The Bulgarian secret service played an active role in the so-called “ Bulgarization processes ” against the ethnic minority of the Balkan Turks in the 1980s, as well as against writers and dissidents .

He is also considered to be the commissioner of the murder of the writer Georgi Markov on Waterloo Bridge in London in 1978, which was known as an umbrella attack . A similar assassination attempt against the Bulgarian dissident and journalist Vladimir Kostov in August 1978 in the Paris subway failed.

It is now believed that prior to 1989 the DS also had complete control over the trade in arms , drugs , alcohol , cigarettes , gold , silver and antiques in Bulgaria and the entire Balkan Peninsula . It is therefore obvious that the structures of crime organized in a manner similar to that of the Mafia in Bulgaria, which emerged in the 1990s, were established by many former agents of the DS.

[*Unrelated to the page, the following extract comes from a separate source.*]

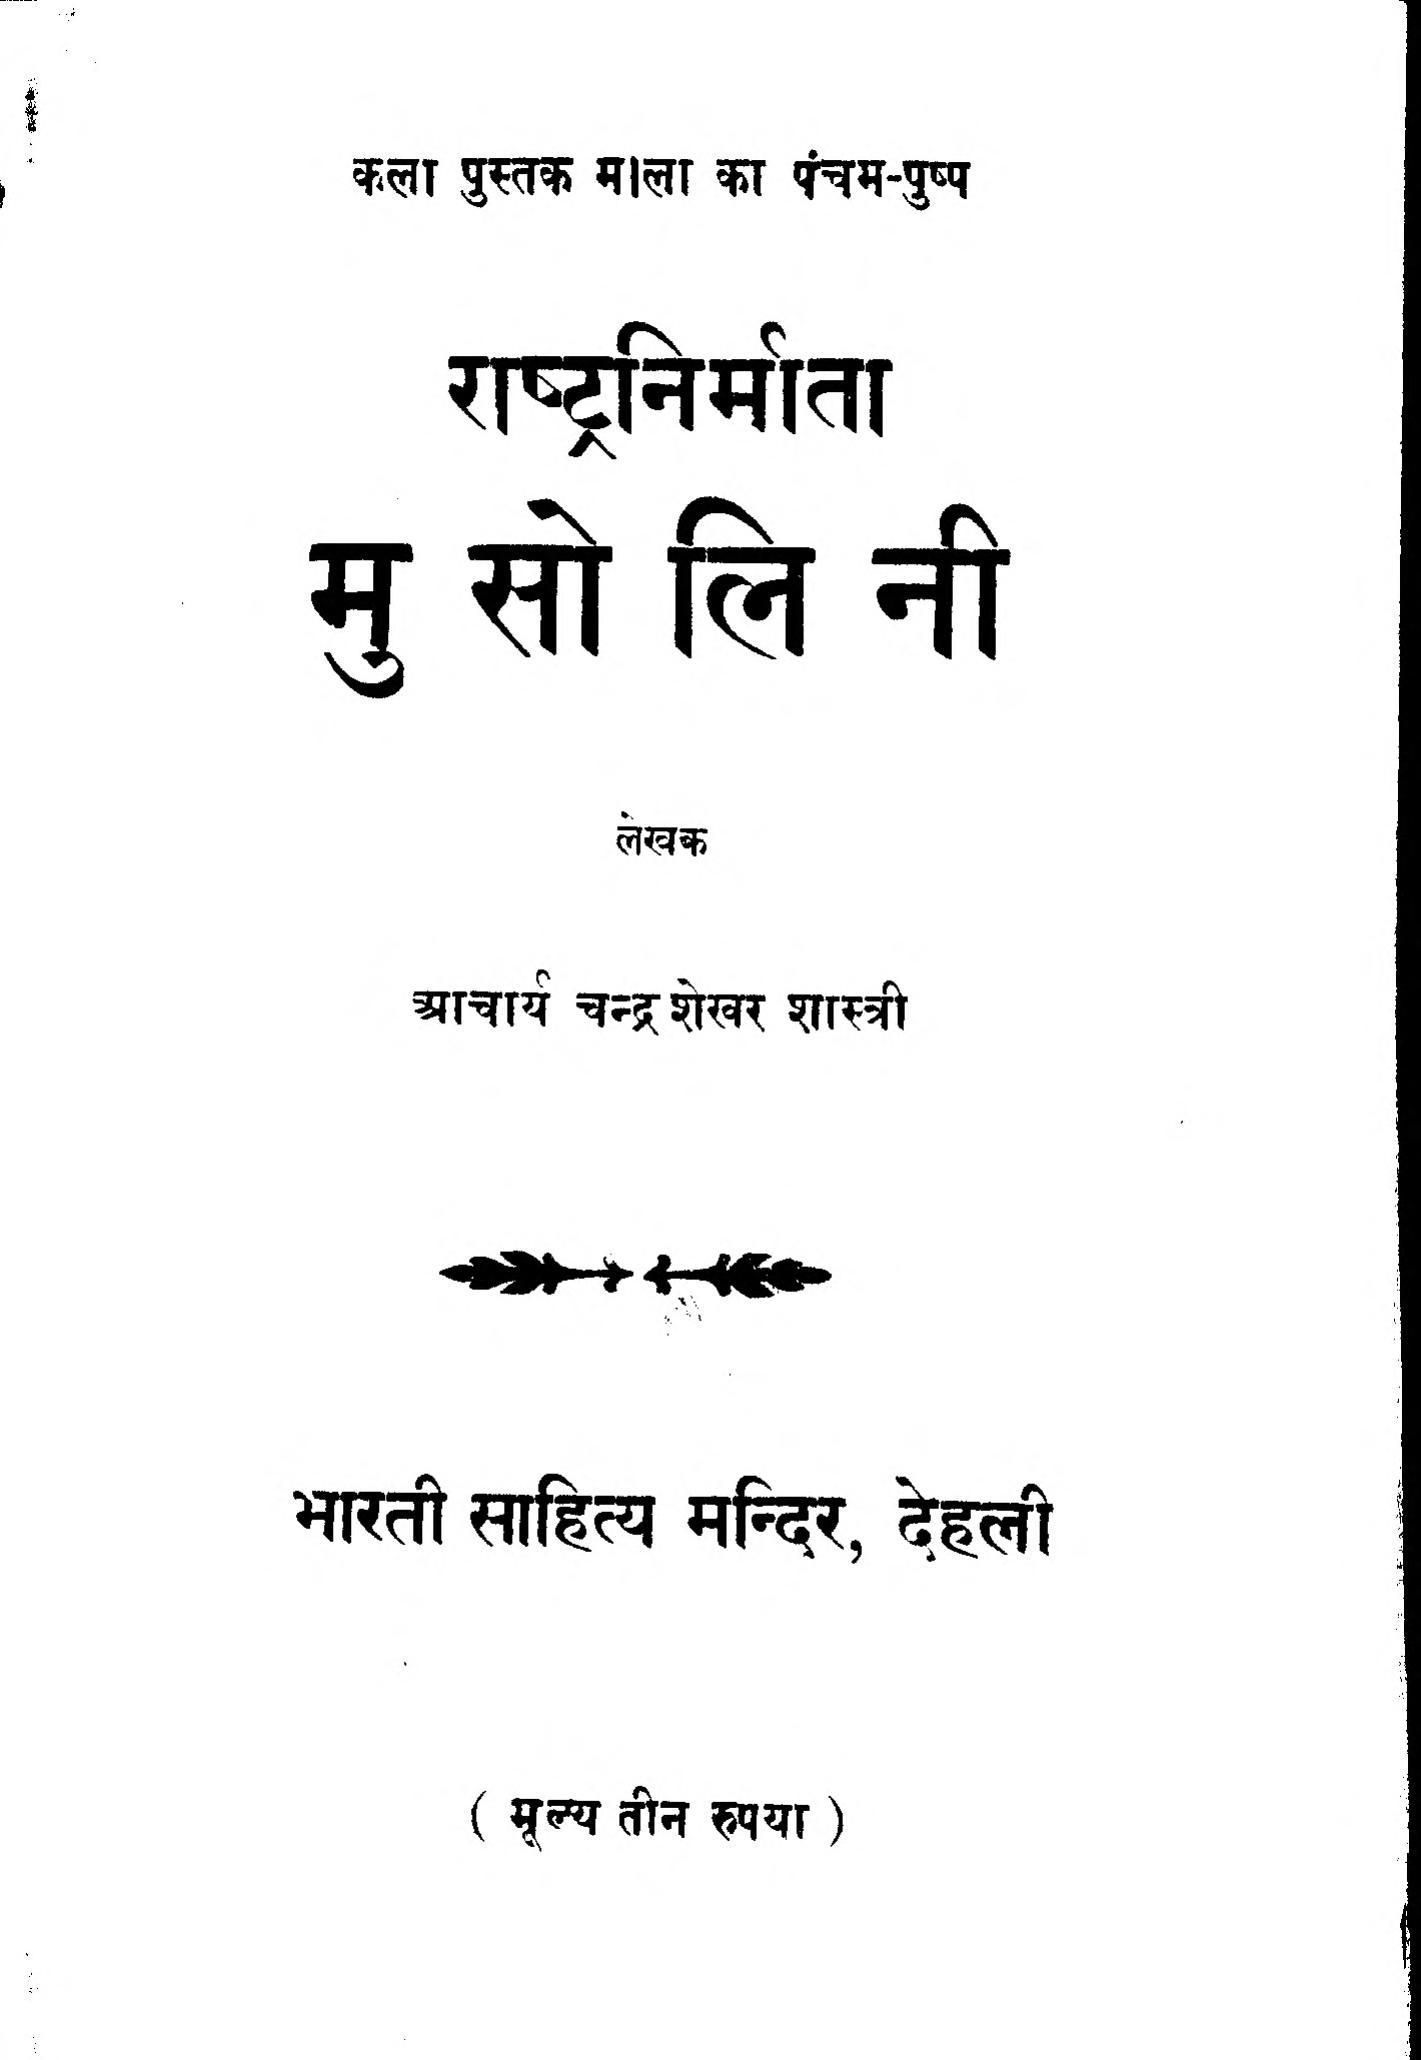 Book Image : राष्ट्रनिर्माता मुसोलिनी - Rashatra Niramaata Musholini
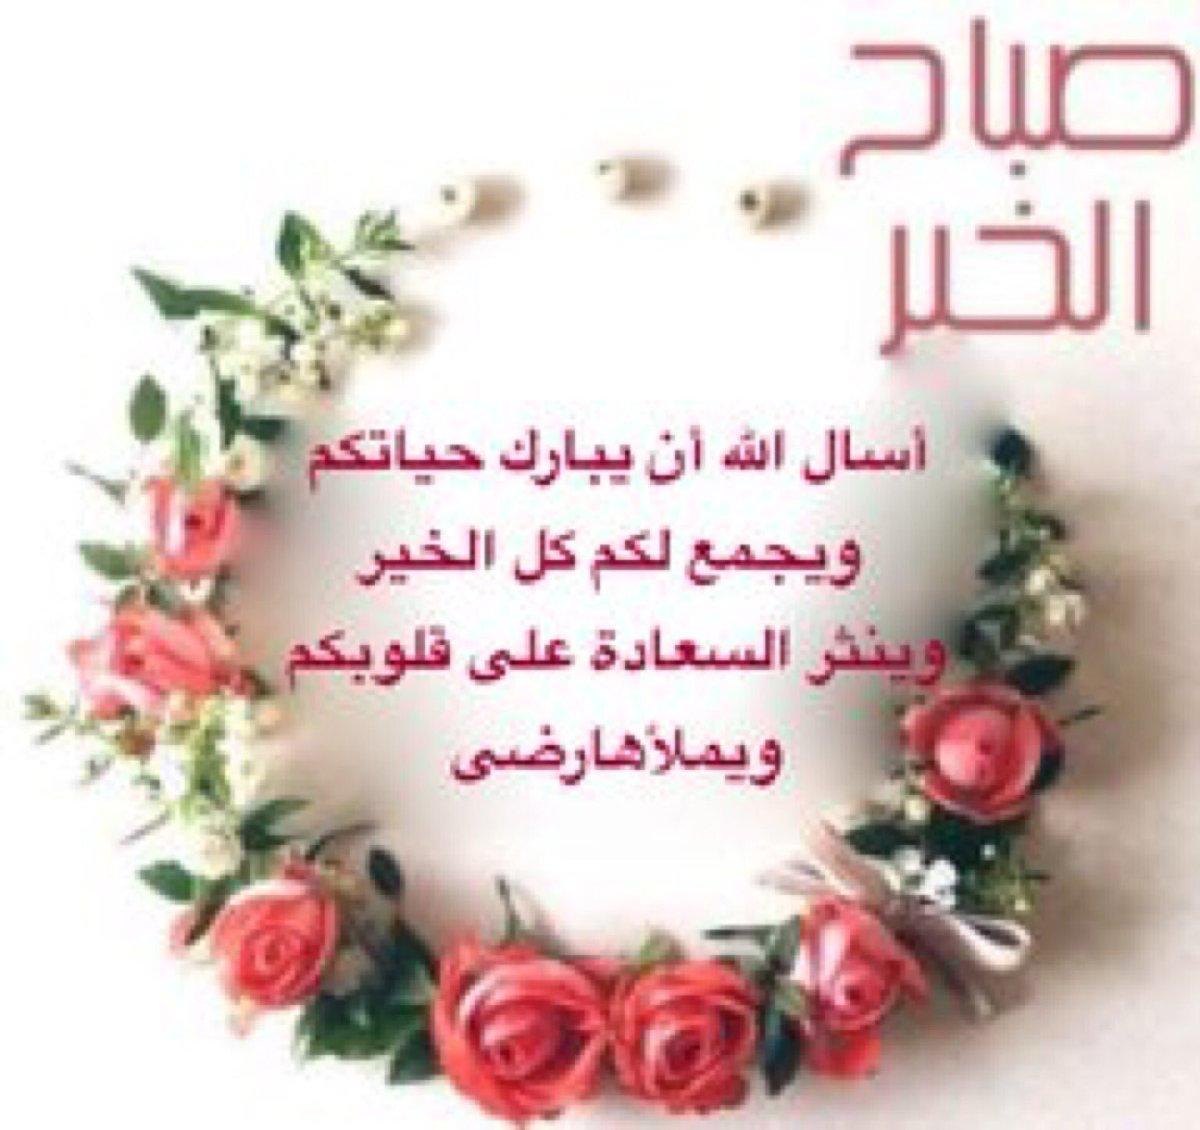 كلام عن صباح اجمل ما قيل عن الصباح حنين الذكريات

Furthermore, the secret service was accused for a long time as the main contractor of the pistol attack on the then Pope John Paul II by Mehmet Ali Ağca . 2006 was a committee of the Italian Parliament to the conclusion that the attack on the instructions of Leonid Brezhnev of the Soviet secret service GRU was commissioned - in cooperation with the Bulgarian secret service and the Ministry of State Security of the GDR .

Document retention

The secret files of the KDS or DS caused great controversy in Bulgaria too. However, most of these were destroyed by agents after the collapse of the communist regime in 1989. The democratic forces of the opposition, newly established from 1990 onwards, made the communist functionaries who continued to rule until 1997, who now again formed the government and the prime minister as members of the Bulgarian Socialist Party , responsible for the destruction of files that could incriminate their members. In 2002, the former interior minister and vice-president Atanas Semerdzhiev was found guilty of personally ordering the destruction of 144,235 files from the DS archives in 1990 and thus undermining the then still young democracy.

Camps, imprisonments

literature

Web links

Individual evidence

  1. Michael Winfrey: Uproar in Bulgaria at death of secret files keeper. January 20, 2007, accessed July 5, 2018 .
  2. Tatyana Vaksberg: Bulgarians Agree to Open Secret Service Archives. Parties finally reach consensus on public right of access to communist-era files. In: Balkan Insight . October 12, 2006, accessed on July 5, 2018 (English, article only available against payment).
  3. See Stefan Samerski : Teufel und Weihwasser. The Pope and the Erosion of Communism , In: Osteuropa 59 (2009), pp. 183–193, here: p. 188.